All need to understand that those are recommended tempertures and not set in stone - there are many factors which affect whether or not a graphic will stay down. So remember it is important to do the prepress to remove moisture. So very important - next your press must be at temperture - so if doing repeated presses the press loses heat until it reheats; next do not forget to post press with teflon or kraft paper to seal it in. You should see grains of fabric in the transfer. The other factors that affect the press - moisture in the air; room temperture; I hate to type this - the press and its brand.


----------



## Louie_J (Nov 8, 2007)

idonaldson said:


> All need to understand that those are recommended tempertures and not set in stone - there are many factors which affect whether or not a graphic will stay down. So remember it is important to do the prepress to remove moisture. So very important - next your press must be at temperture - so if doing repeated presses the press loses heat until it reheats; next do not forget to post press with teflon or kraft paper to seal it in. You should see grains of fabric in the transfer. The other factors that affect the press - moisture in the air; room temperture; I hate to type this - the press and its brand.


^^^^^^ ditto^^^^^


----------



## KathleenS (Sep 29, 2009)

Easyweed™ is a relatively easy product to apply. What is the compostion of garment that you are applying the EasyWeed™ to? 

Cutting any image to a fine point can possibly cause an adhesion problem depending on the fabric used, if enough pressure is not applied.

Normally, light to medium pressure is needed. One thing that separates EasyWeed™ from the rest of the competition is the way the polyester carrier releases from the material after heat application. You really should not need to go back for a second application.

If the material is applied correctly, it should outlast the shirt it is applied to.

A temperature range will work as well. 280 degrees Fahrenheit to 350. Ideally a lower temperature is proferred so the garment is not compromised. If you lower the temperature from what's recommended then you would increase the dwell or application time. You may use this if you are applying white EasyWeed™ to a red polyester. Say 280 for 15 - 20 seconds. 

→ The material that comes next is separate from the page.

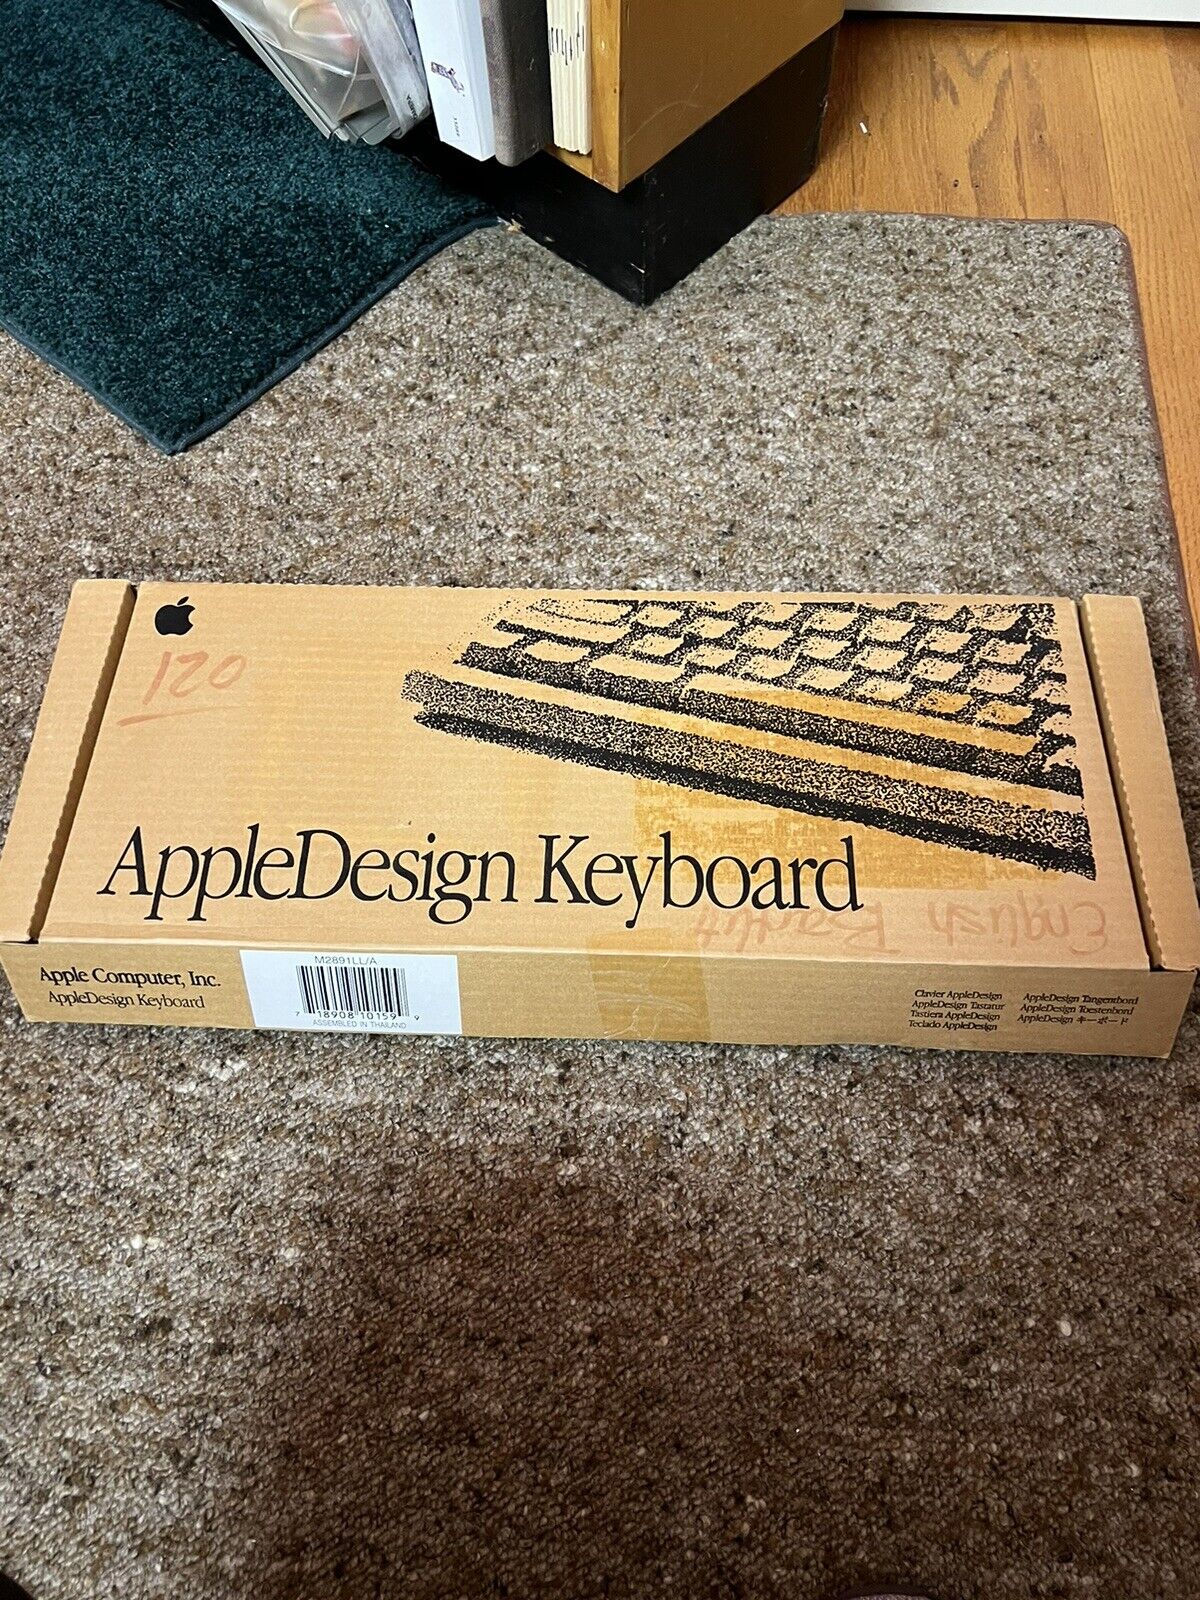 AppleDesign Keyboard – M2980 – For Mac OPEN BOX Vintage

If you are applying a transfer at 350 degrees & wish to applying EasyWeed™, simply decrease the dwell or application time to 5-6 seconds.

Feel free to contact me if you need any more assistance. Kathleen at 440-665-5576

Happy Printing!!!


----------



## idonaldson (Sep 29, 2008)

I cannot attest to the vinyl outlasting the garment, But I can attest to the fact you should be tired of wearing it before the vinyl starts to peel. Keep pre pressing until no more moisture in shirt and then press to see the fibers and you will be fine. All bets are off if you are using a home iron or skillet.


----------



## binki (Jul 16, 2006)

pre press the shirts to remove moisture. not doing this will cause the vinyl to come up. 

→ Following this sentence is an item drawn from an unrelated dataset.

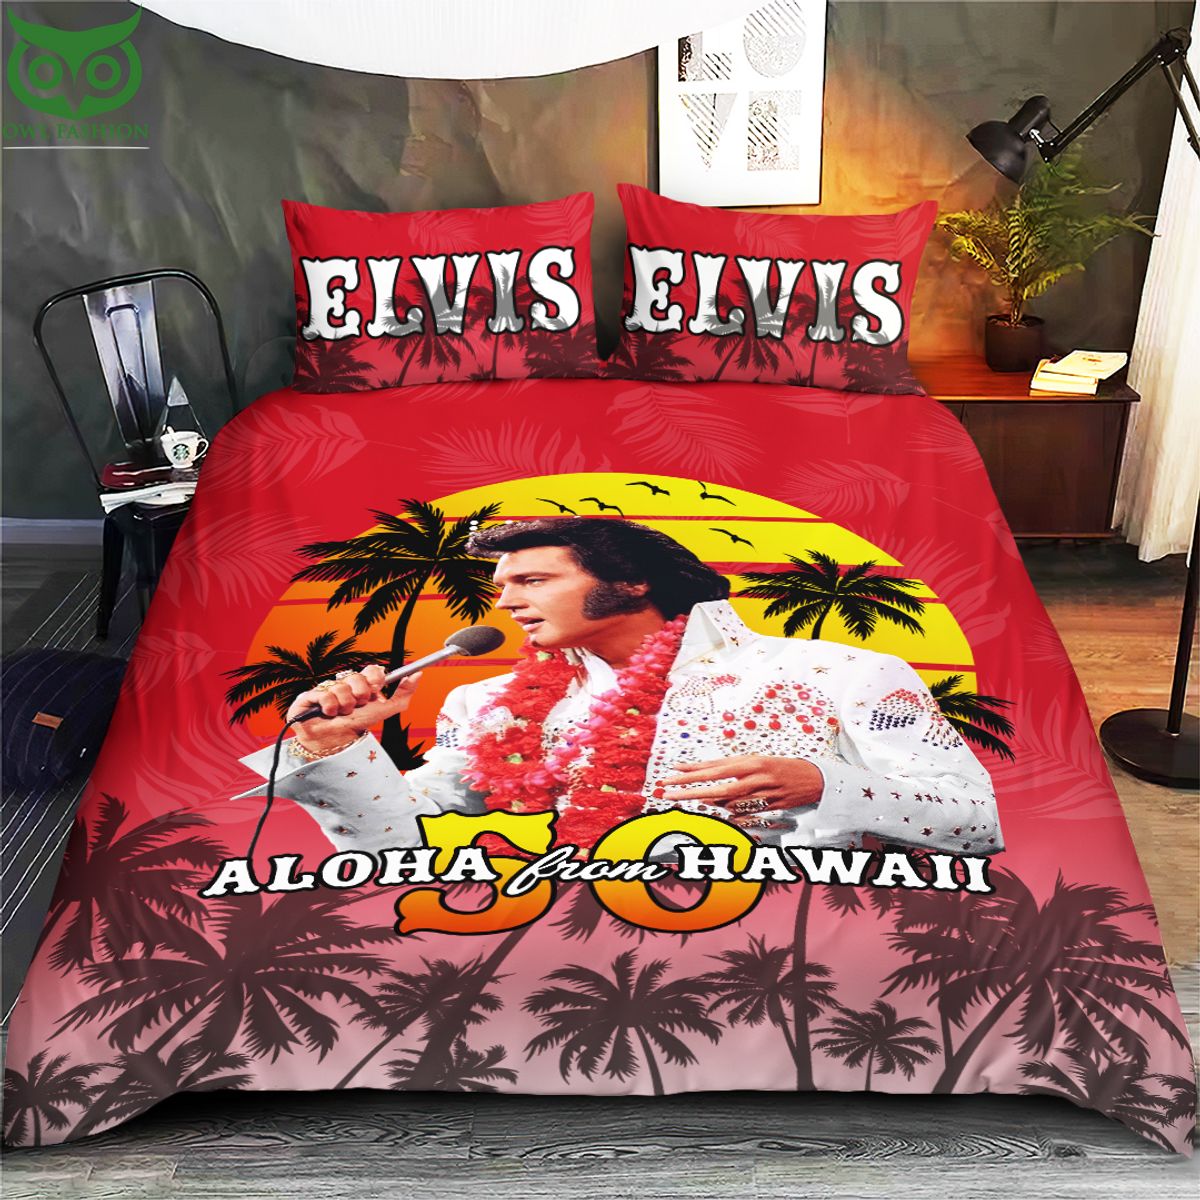 elvis presley aloha from hawaii bedding set 1 I7Q0z.jpg

increase your pressure a little

press 5 seconds, let cool a few seconds, peel, repress for 10 seconds

305F is ok, maybe a little more but not much.


----------



## biggermo (Oct 28, 2011)

I just test-drived my new Adkins clam press today. I'm a complete noob and it's been a voyage of discovery. I've been readin on the forums about the recommended temperatures and so i kept trying them but the flex wasn't sticking to the t-shirts. I eventually had success at 220c for 30 seconds. My girlfriend was going mad saying it shouldn't take that long...that I'd burn it, but that was the minimum temperature at which it stuck to the tshirt. I pulled it off slightly warm and no print came away. I then gave it a quick press with the teflon sheet over it and it seemed fine. i was worried about the mark the plate had made on the tshirt but was assured that that would disappear after an hour or so. Now they're in the washing machine to see if they'll survive and with any luck it'll all be good. 

Quick question though - can pressing at very high temperature affect the adhesive? My girlfriend's got me slightly paranoid about messin' it up!


----------



## idonaldson (Sep 29, 2008)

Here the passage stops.